◆ **PROBLEM TO WORK ON**
Your task is to transcribe the data exactly while omitting each picture.

◆ **RAW DATA**
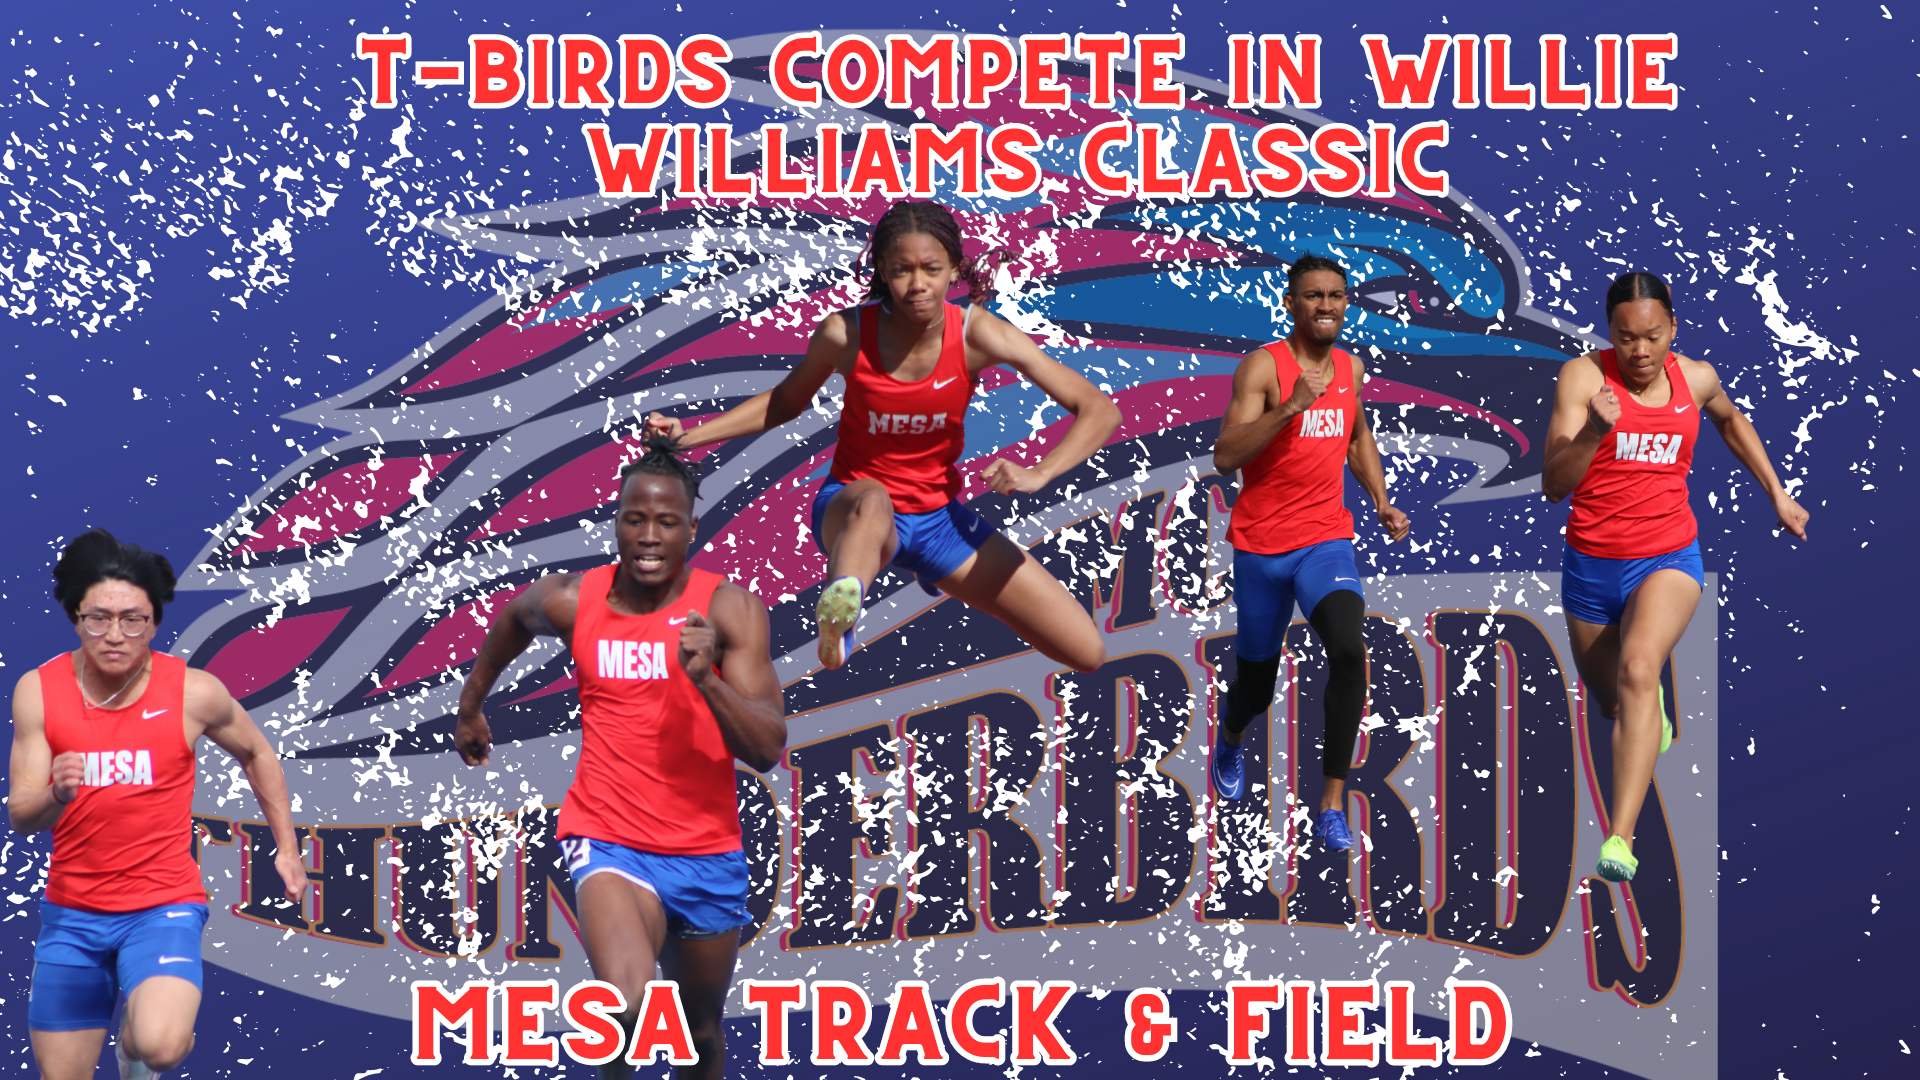 Mesa Track & Field battled in the Willie Williams Classic over the weekend
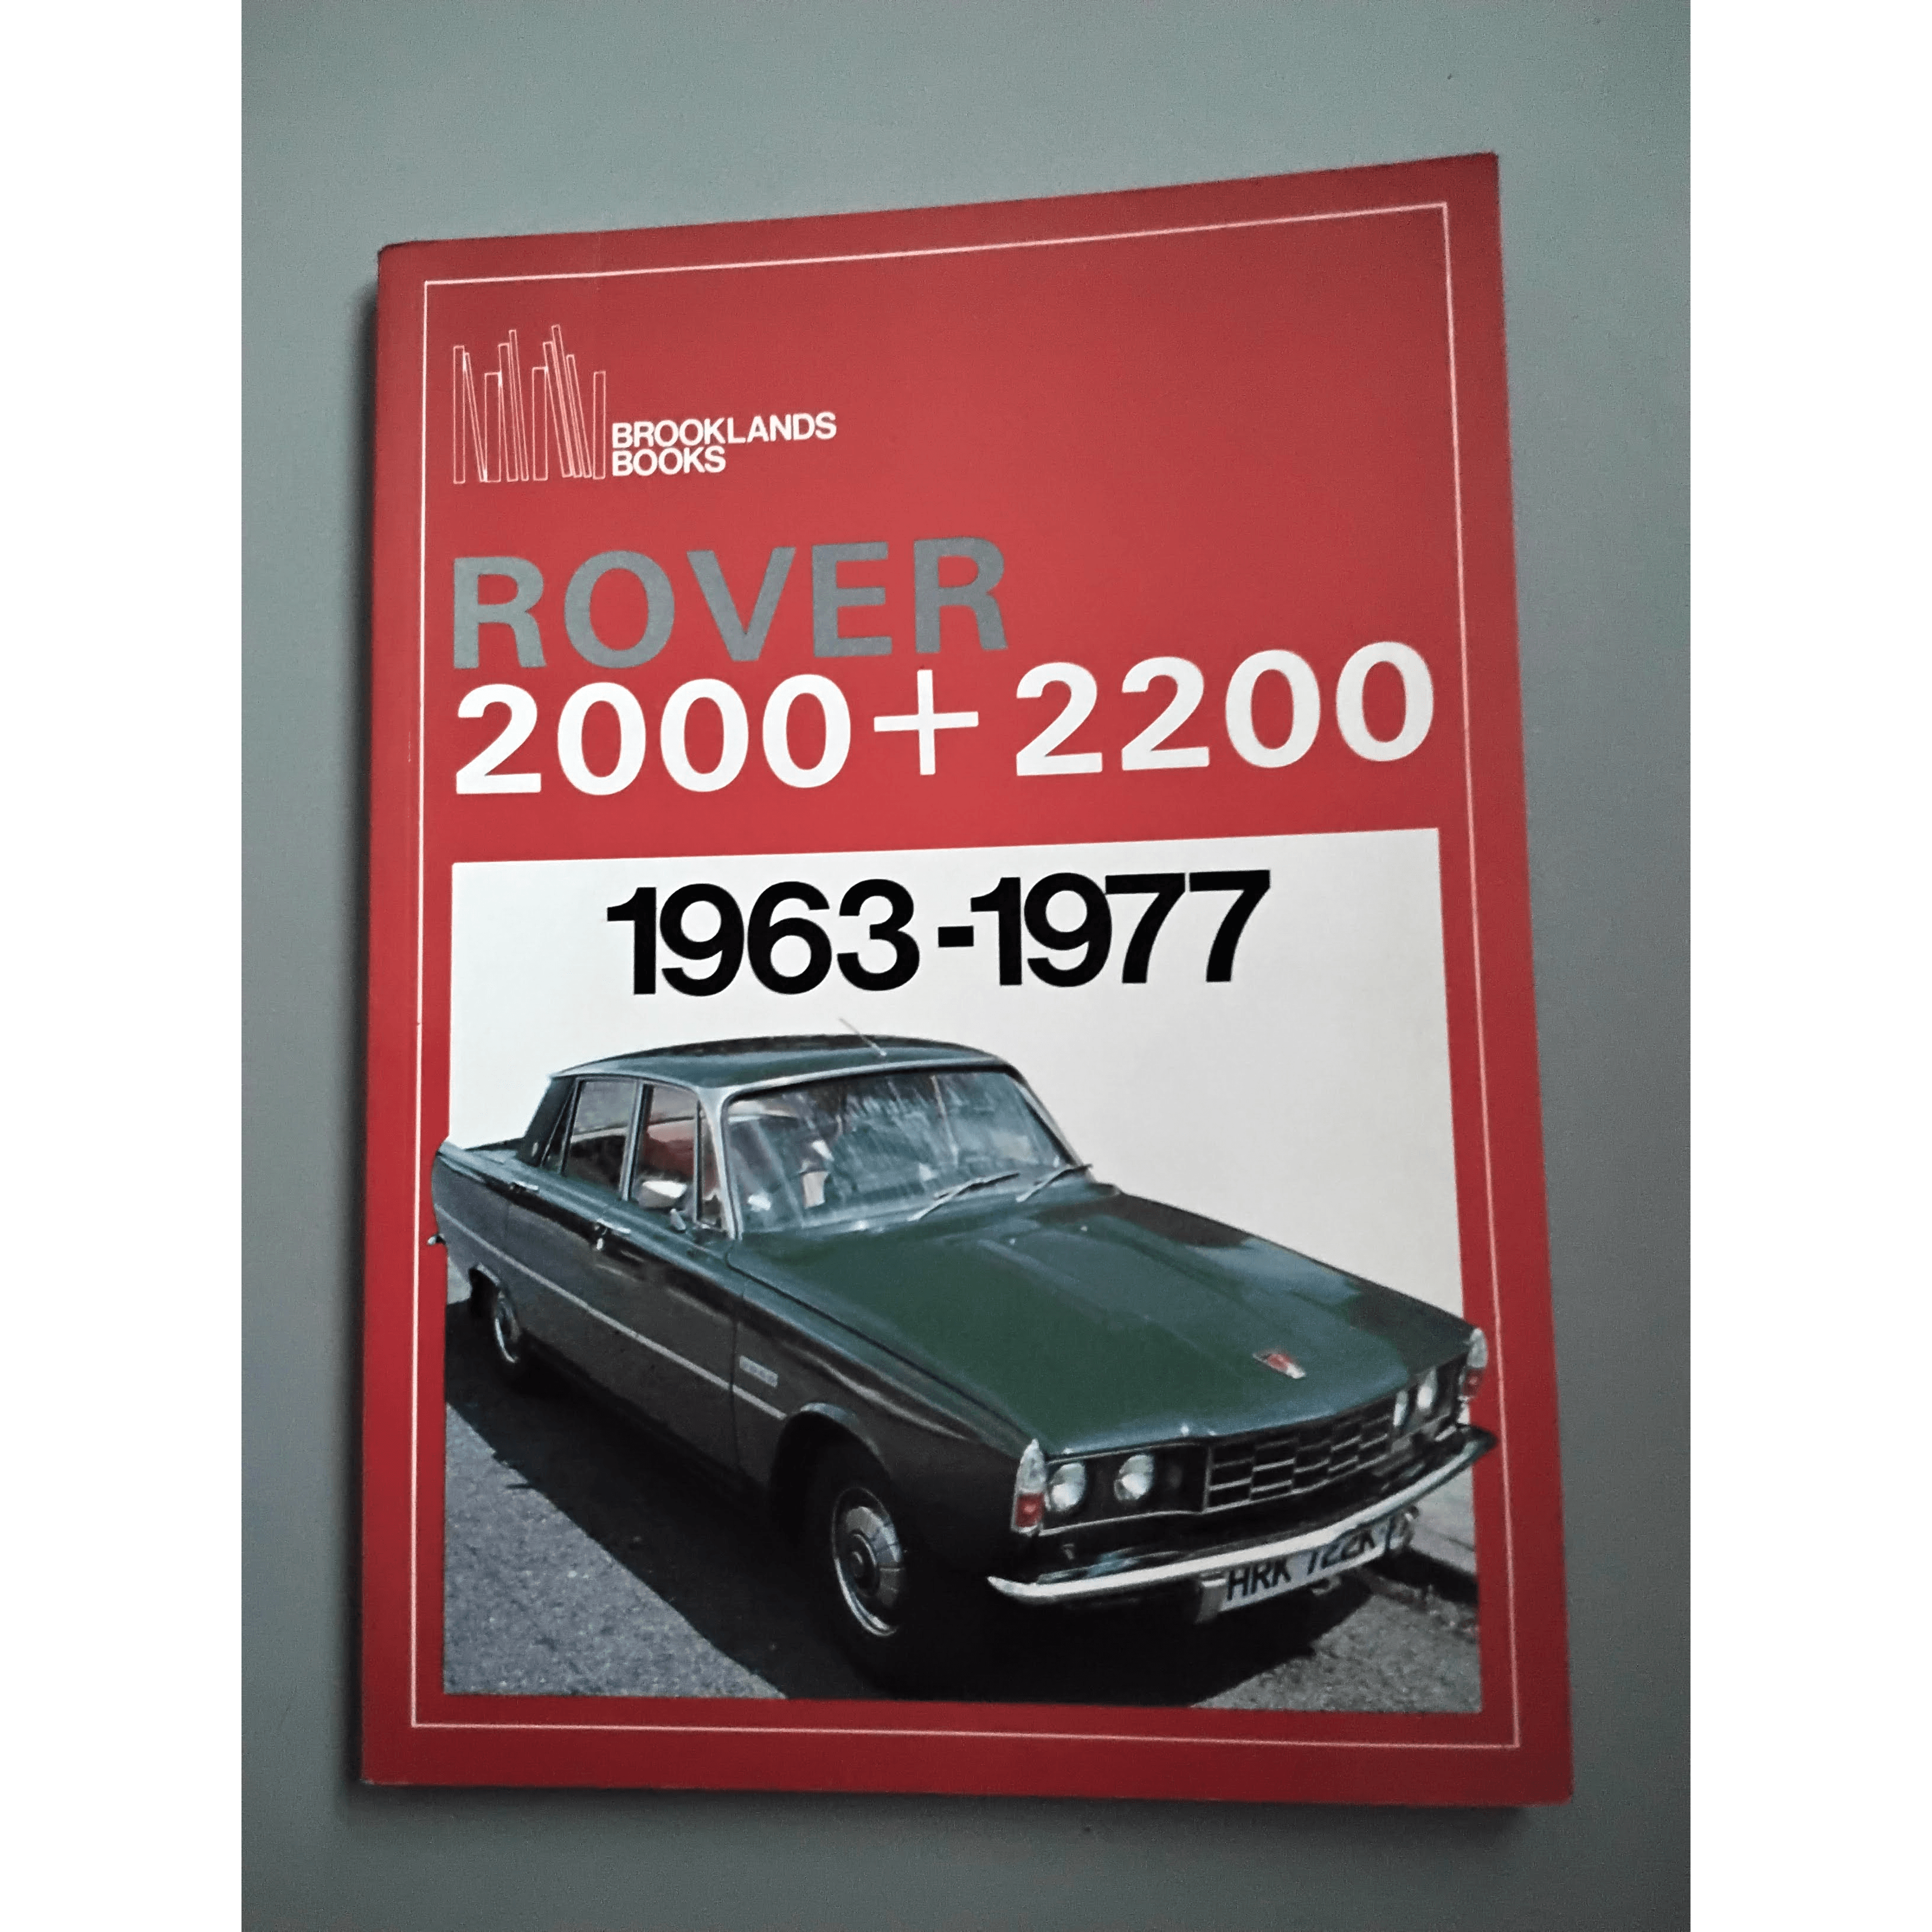 Rover 2000 + 2200: 1963-1977 by R.M. Clarke - Berry Smink British Car Parts
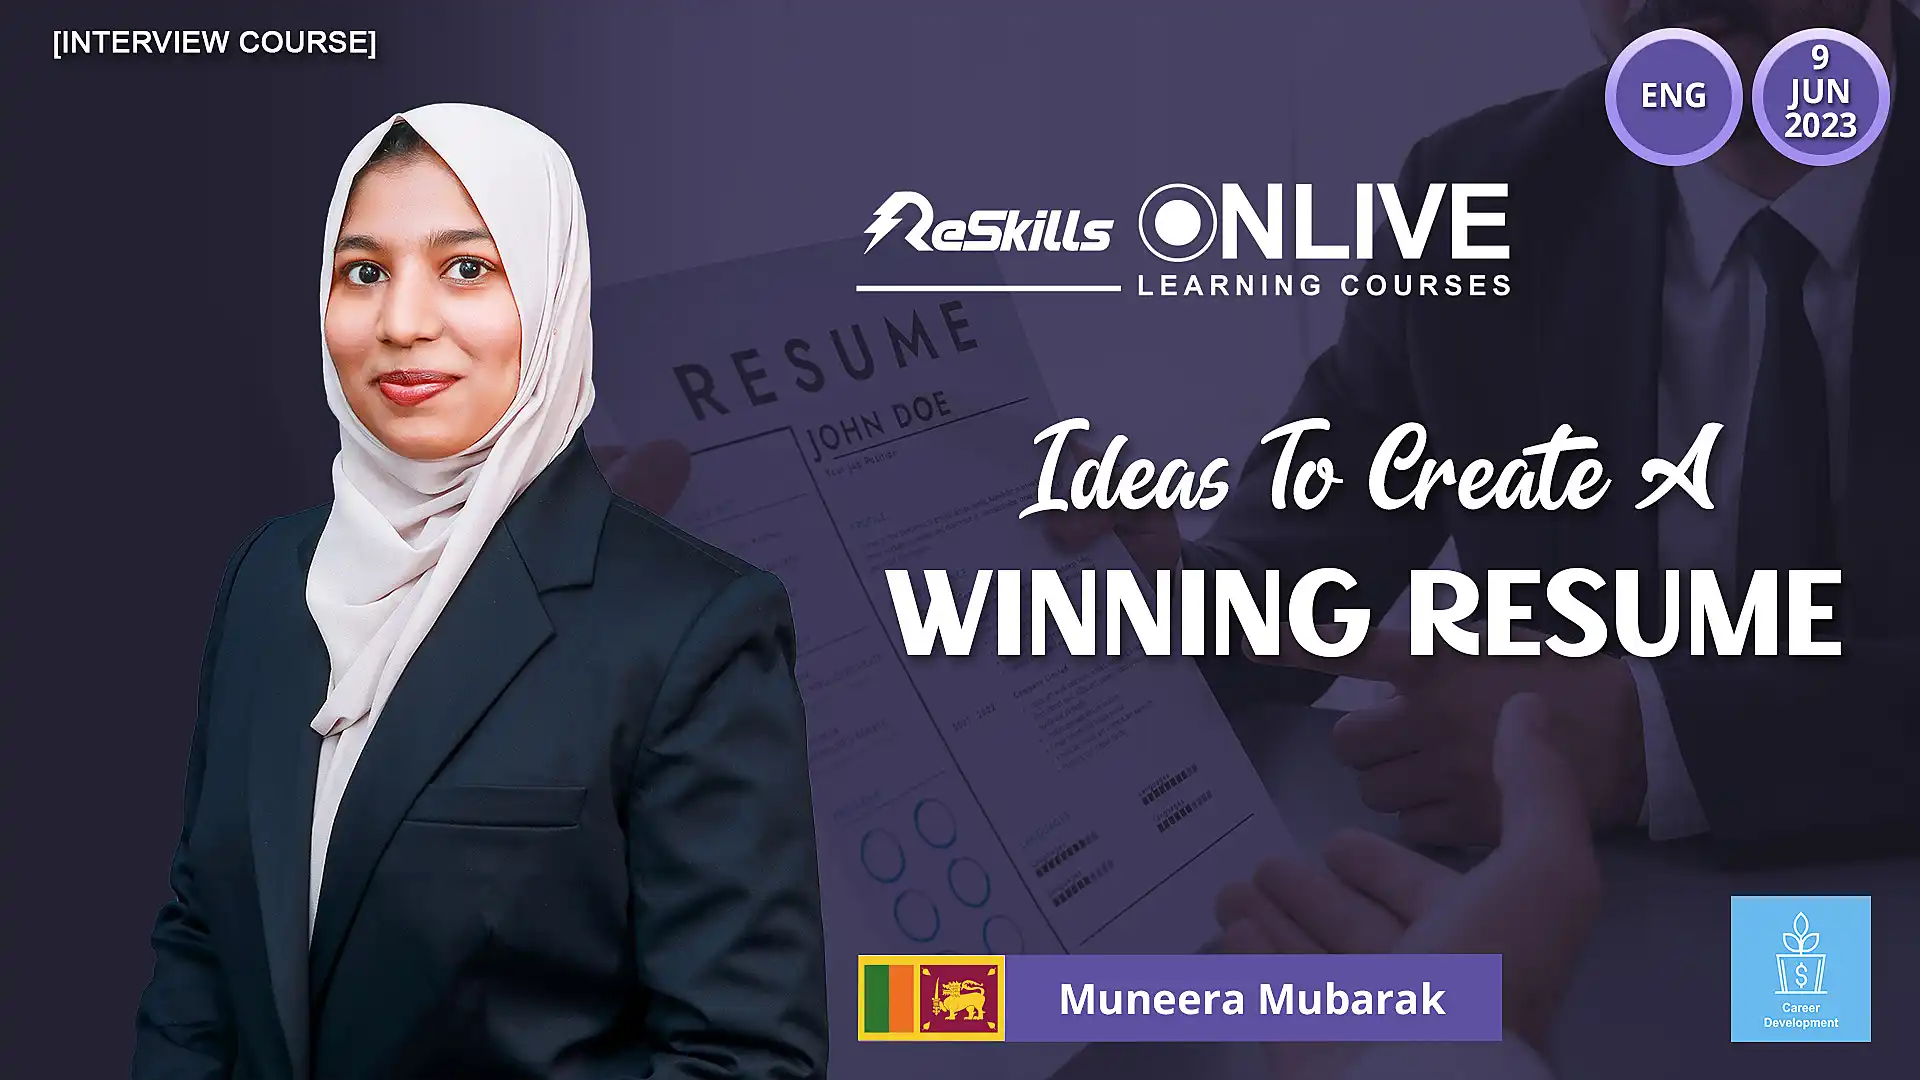 [Interview Course] Ideas To Create A Winning Resume - ReSkills

◆ **TASK ANSWER**
 Mesa Track & Field battled in the Willie Williams Classic over the weekend
 Rover 2000 + 2200: 1963-1977 by R.M. Clarke - Berry Smink British Car Parts
 [Interview Course] Ideas To Create A Winning Resume - ReSkills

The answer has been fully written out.